Nous avons commencé à définir concrètement le rôle de chaque personne dans ce projet. D’abord pour l’artiste, la définition de la notion du sujet de l’exposition et la création des œuvres d’art plastique, et la mise en forme de l’installation avec de la peinture et des dessins. Je m’occupe de créer une atmosphère différente dans chaque salle afin de permettre au public d’approfondir encore plus sa relation avec les œuvres et de mieux expérimenter le sujet central de l’exposition. Chaque salle de l’exposition porte nom. La salle A est l’espace quotidien, la salle B le désert, la salle C la mer, la salle D la forêt…
Aujourd’hui le nomadisme signifie le fait de rechercher constamment un nouveau soi sans être lié par un mode de vie ou des valeurs spécifiques. Le terme provient de l’idée d’un nomade qui se déplacerait sans s’arrêter, à la recherche d’un endroit où vivre. Le philosophe français Gilles Deleuze a décrit le monde du nomade comme un « monde dans lequel la vue erre » dans un livre intitulé Différence et répétition, publié en 1968 : le nomadisme est ainsi devenu un terme philosophique. Il correspond à la négation des valeurs ou des philosophies existantes, à la recherche continuelle de nouvelles choses. Académiquement, il signifie l’exploration de divers domaines, mais on le retrouve également dans de nombreux aspects de la culture de la société moderne : les phénomènes psychologiques, les mathématiques, l’économie, la mythologie, etc… Dans cet espace réel, présent et quotidien, entrent les plumes. Elles symbolisent le début et la fin de chaque voyage.  
Auparavant, cette salle comprenait deux grandes fenêtres, avec une cheminée au milieu, et un miroir, ce qui la rendait très lumineuse. Mais la salle ne possédait pas assez de murs pour installer les tableaux, et le mur, visible sur la photo de droite, où nous pouvons voir trois portes, dont deux fausses, ne pouvait pas être touché. C’est pour cela que j’ai conçu ce système de double couche, comme si nous étions dans une tente et que nous avions vue sur le désert à travers les fenêtres ouvertes de la tente. Ainsi les fenêtres d’intérieur et d’extérieur se croisent.

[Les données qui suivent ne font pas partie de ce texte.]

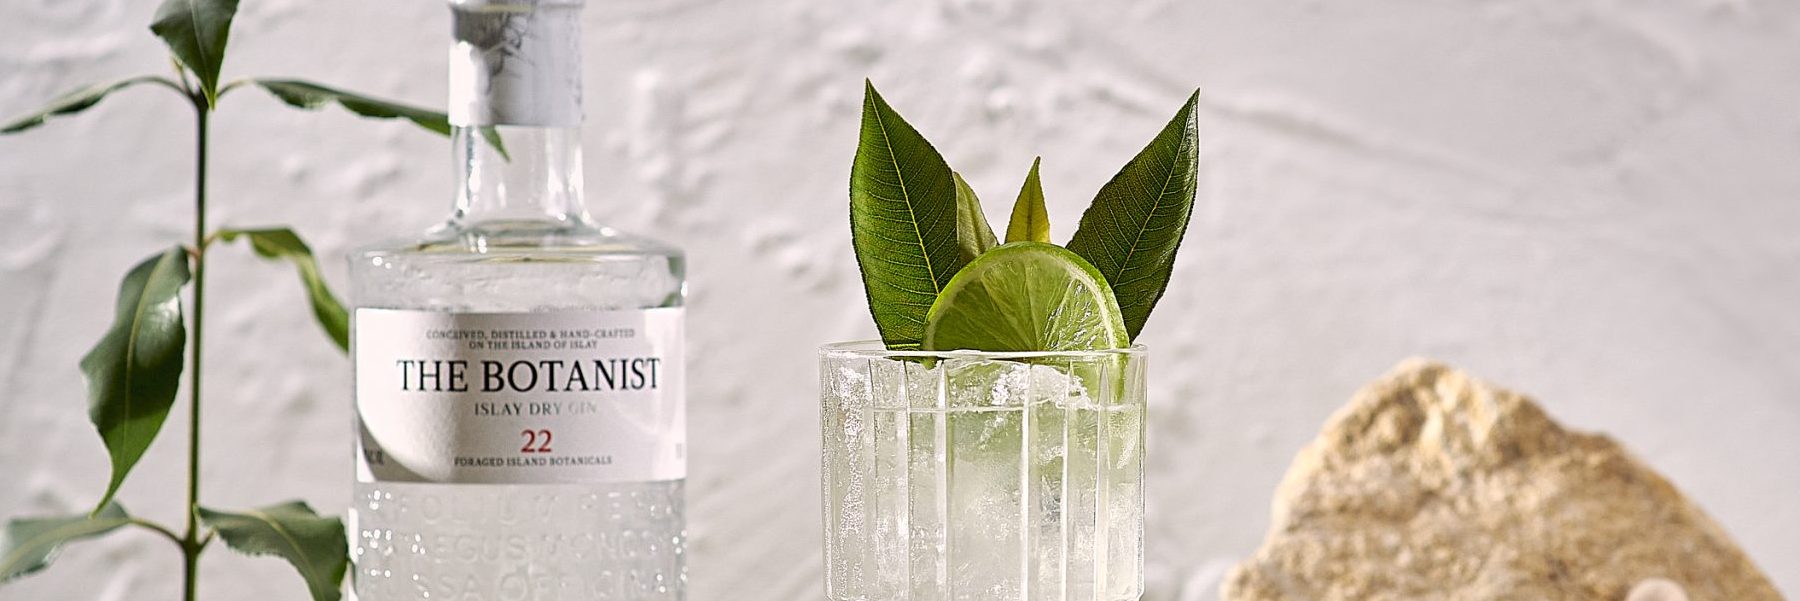 The Botanist Lemon Myrtle B & T in a highball glass with a bottle of the Botanist Gin Bottle
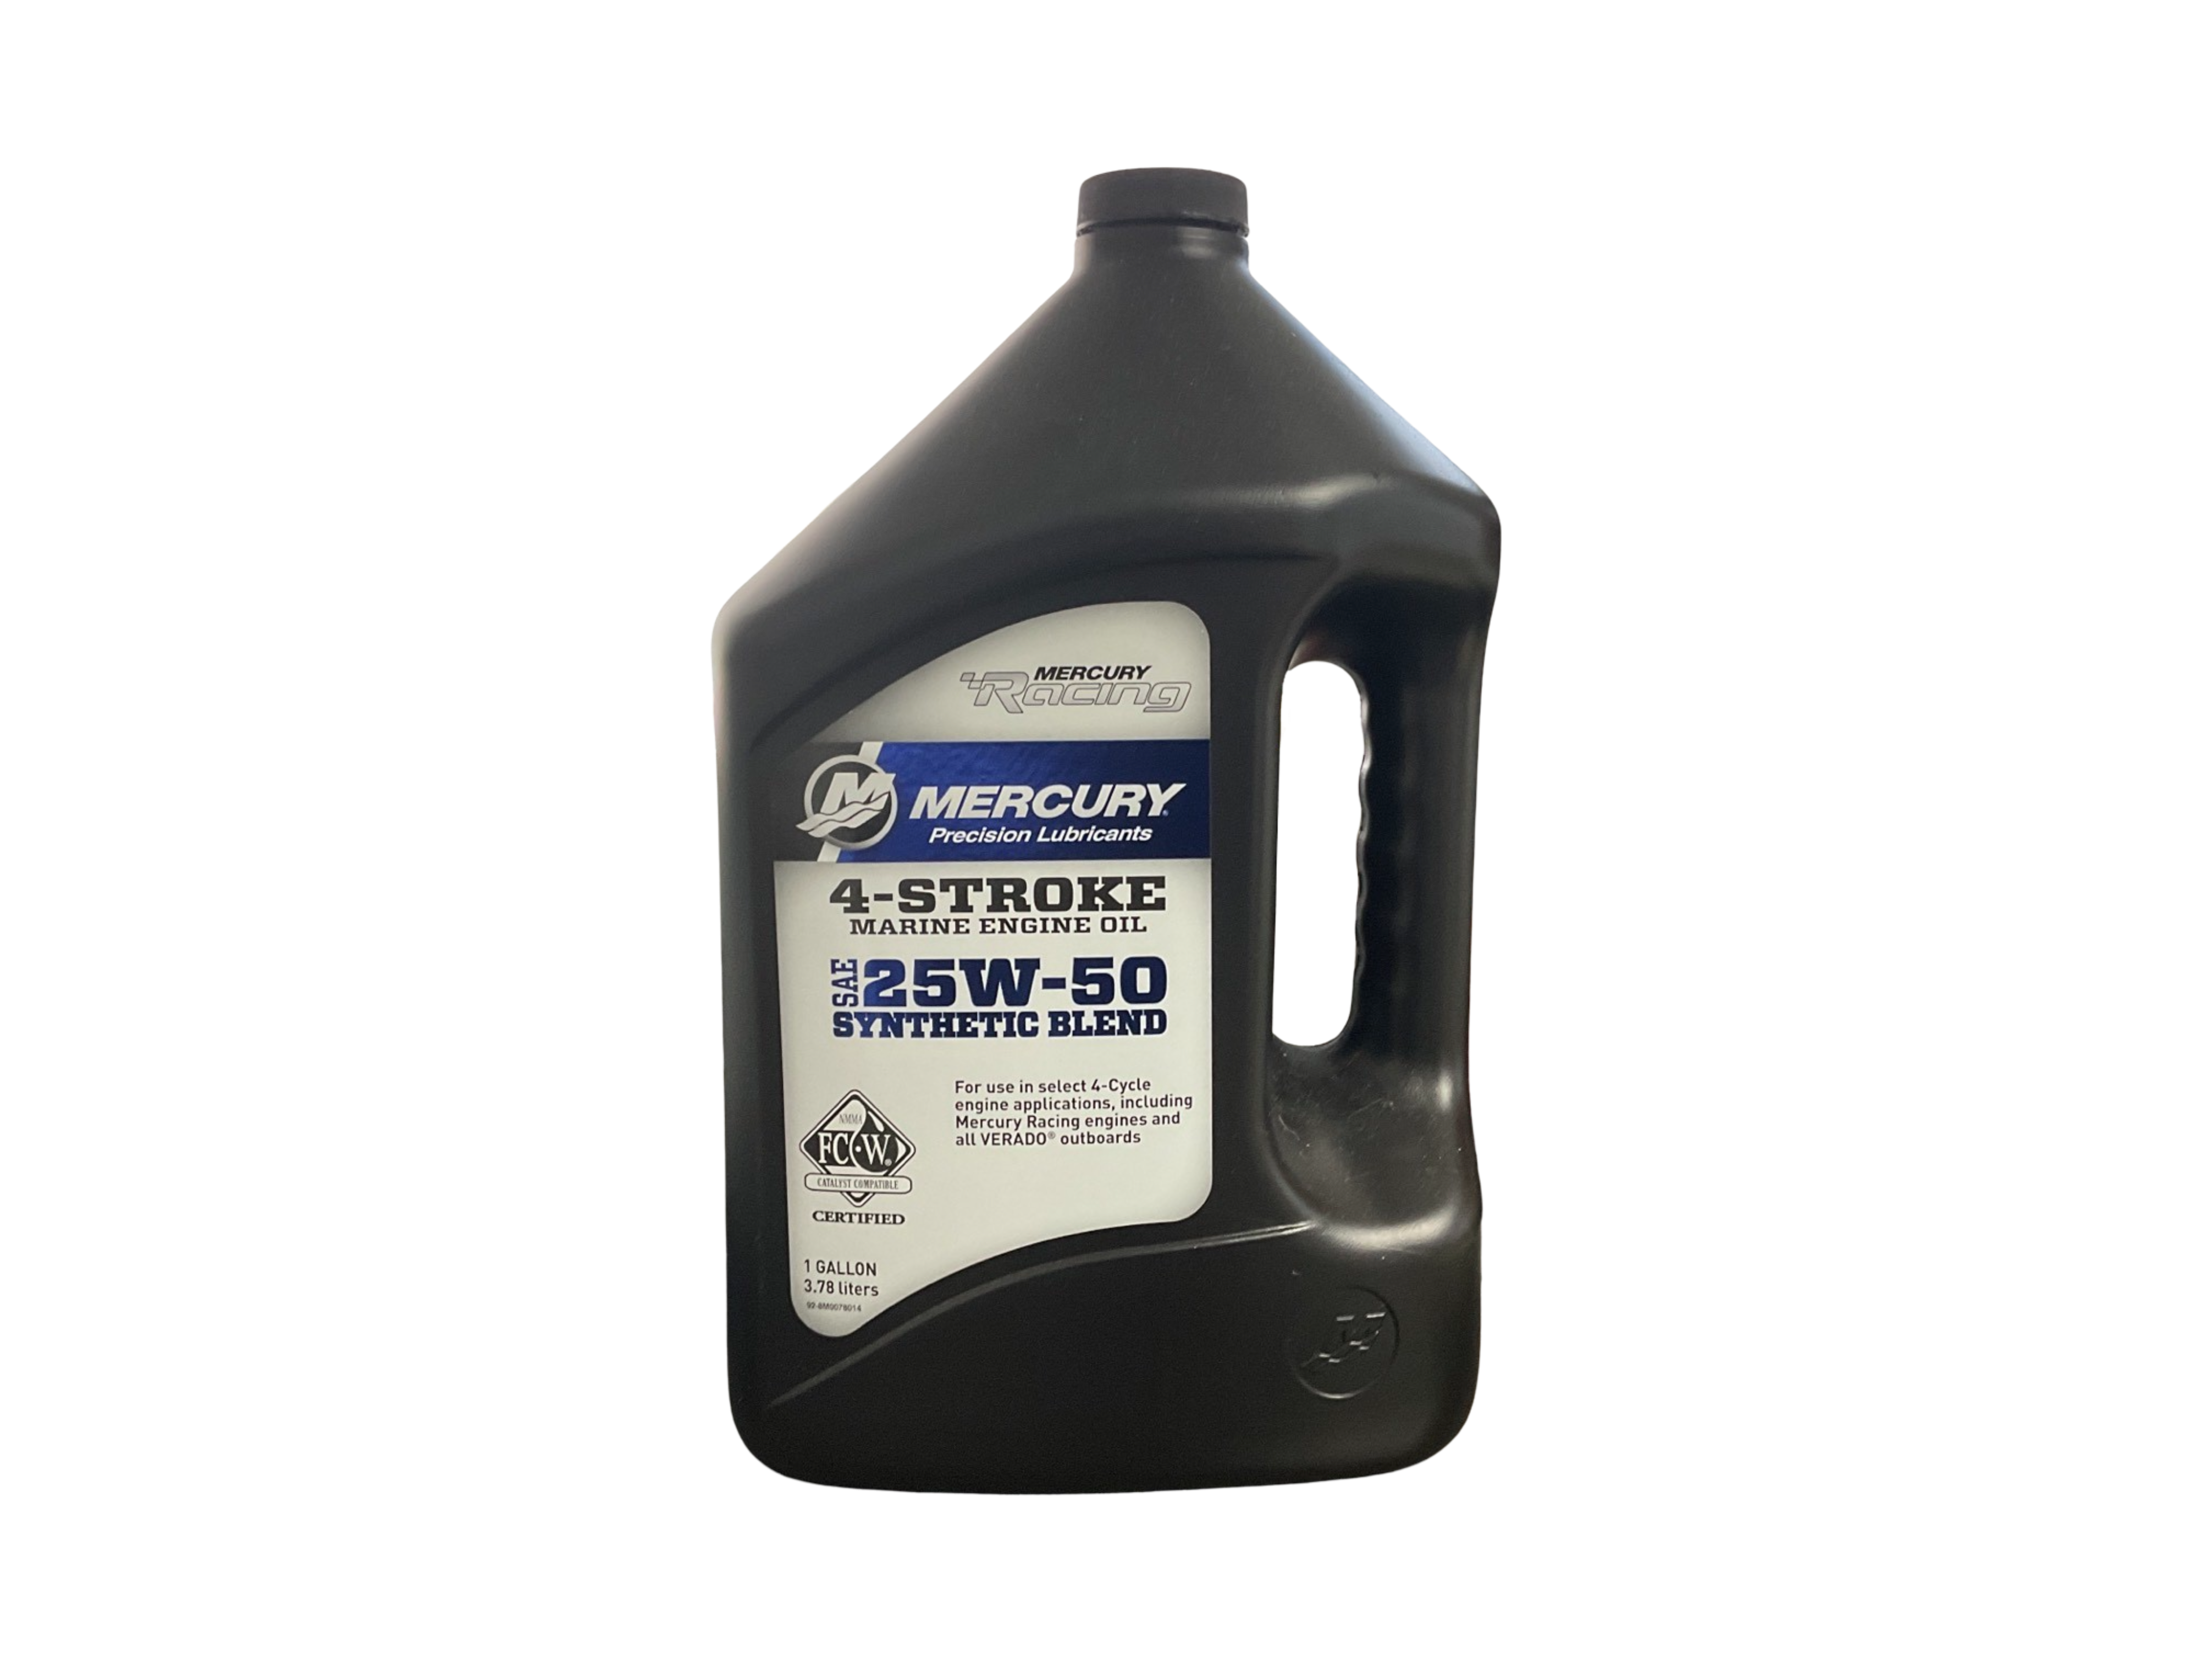 4-Stroke Marine Engine Oil SAE 25W-50 Synthetic Blend P/N: 92-8M0078014

L’espace sous la mer. Il présente des choses réalistes et non réalistes que le public peut expérimenter ici dans un espace composé comme la mer. Les plumes existent sous une forme différente de celle des autres salles : elles apparaissent en effet uniquement dans les œuvres présentées dans la salle, sous forme de dessins ou de peintures. Cela signifie aussi qu’il n’existe pas de limite pour les plumes. Avant sa rénovation, cette salle était très lumineuse, mais aujourd’hui elle est totalement fermée et sombre. Une autre de ses caractéristiques est son plafond à caissons en forme d’octogones. Quand je suis entrée cette salle, je me suis sentie comme dans la mer.
La forêt que je propose dans cette espace n’est pas une forêt qui existe réellement : elle n’existe que dans le souvenir. A la manière du souvenir, qui nous paraît souvent comme une image sans couleur, odeur, ni caractère, les œuvres proposées dans cette salle n’ont pas de couleurs marquantes. Leur envergure chromatique se limite au noir et au blanc. Les plumes qui apparaissent dans les œuvres, ainsi que dans les motifs de la lumière tombant du plafond, grâce à l’installation d’un motif plumeux, symbolisent l’accumulation du temps, et l’infini.